Las malicias son unos seres abominables, inteligentes aunque actúan movidos por el instinto, que absorben la magia de la tierra dejándola devastada y utilizan ese poder para esclavizar a animales y seres humanos que se convierten en sus agentes. Según pasa el tiempo las malicias se hacen más fuertes y extienden sus dominios, por lo que es fundamental destruirlas lo antes posible. Afortunadamente para ello están los andalagos, una cultura nómada que ha tomado como misión autoimpuesta patrullar extensas regiones con el objetivo de localizar a las malicias, a ser posible cuando aún son débiles, y eliminarlas.
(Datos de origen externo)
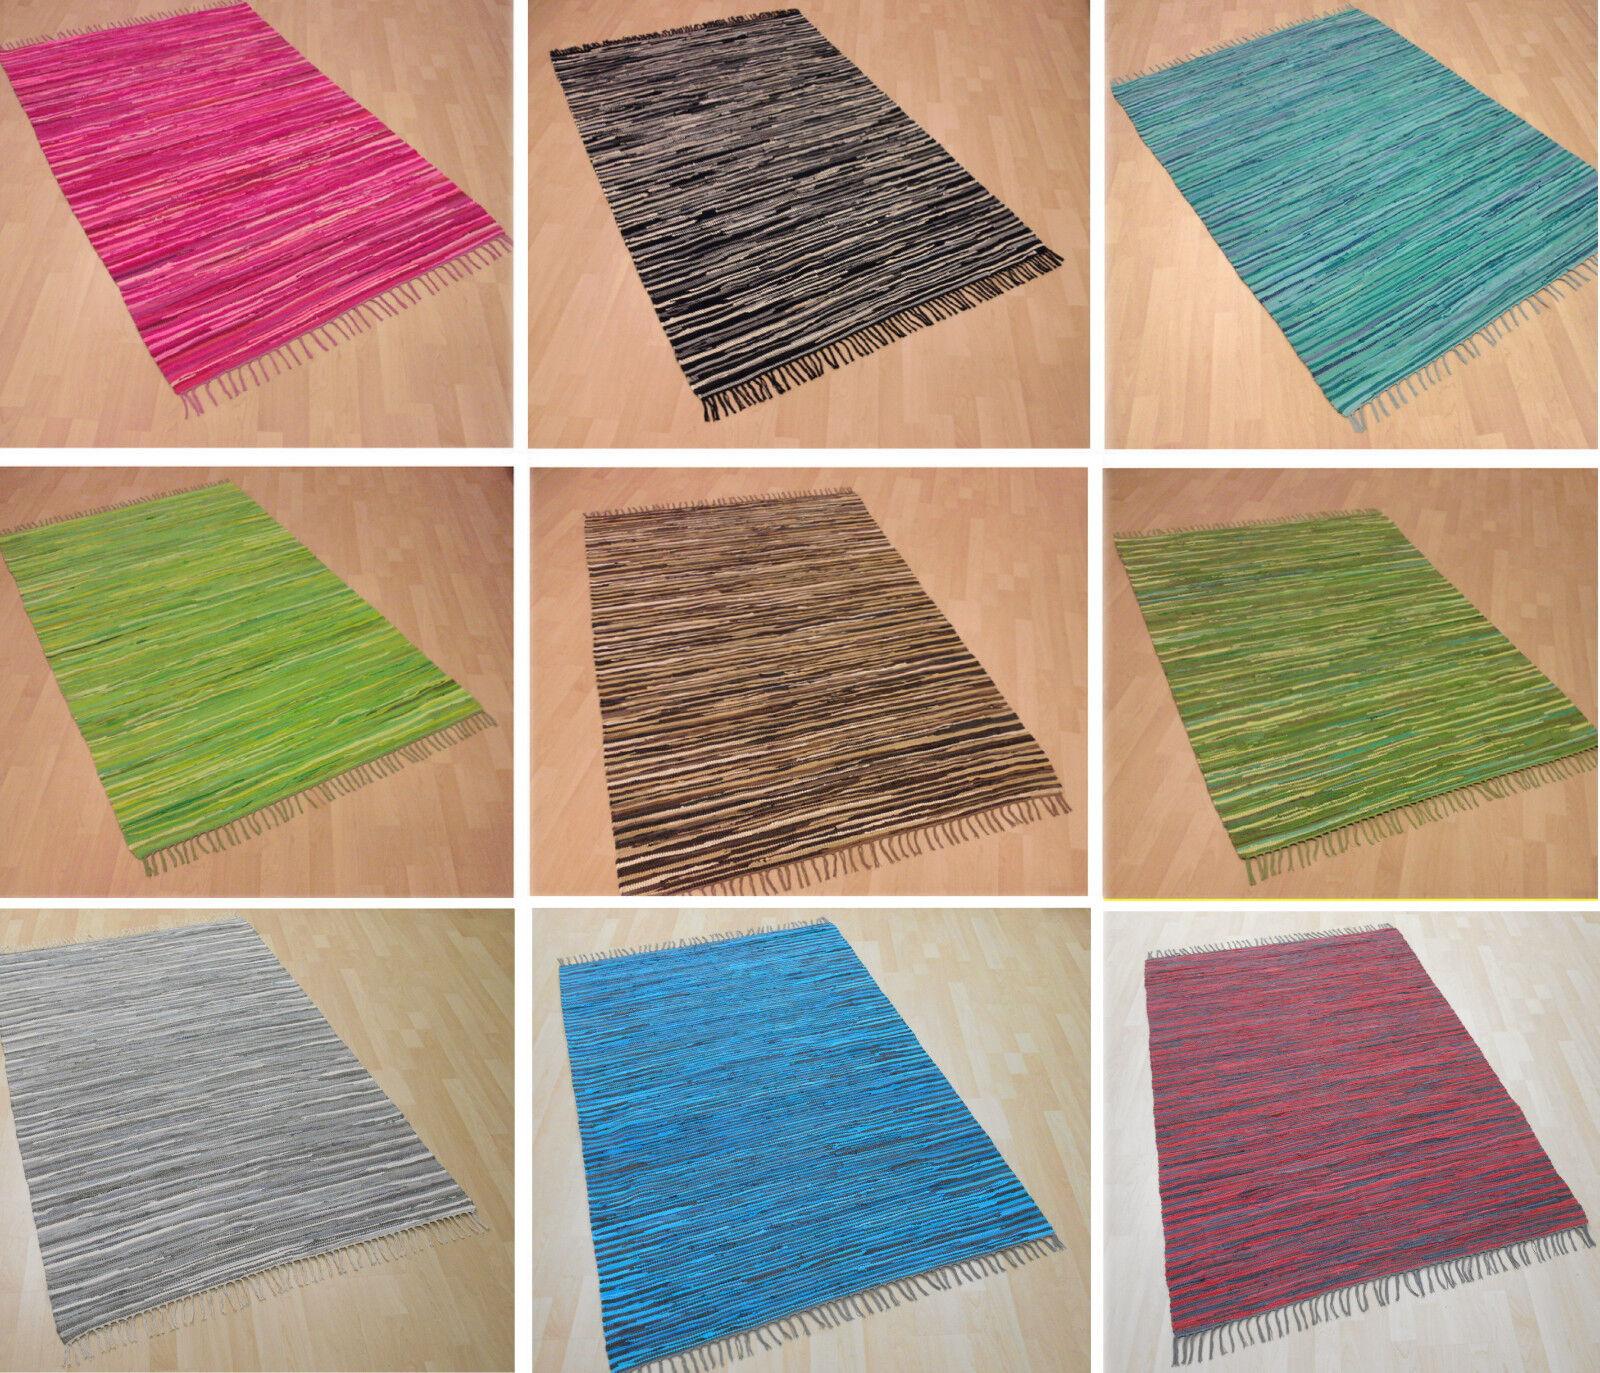 Teppich Fleckerl Fleckerlteppich Handwebteppich gestreift Baumwolle waschbar NEU

Dag, un veterano andalagos de vuelta de todo, que perdió una mano y al único amor de su vida durante una vieja campaña, se separa de su grupo y localiza a la malicia justo a tiempo de intentar salvar a Fawn. Sin embargo el salvamento trae consigo complicaciones, puesto que durante el mismo la muchacha utiliza de forma incorrecta los cuchillos mágicos que los andalagos encantan para destruir malicias. A la vez que investigan las consecuencias de lo que ha ocurrido ambos personajes, con caracteres e historias radicalmente distintos, están destinados a enamorarse.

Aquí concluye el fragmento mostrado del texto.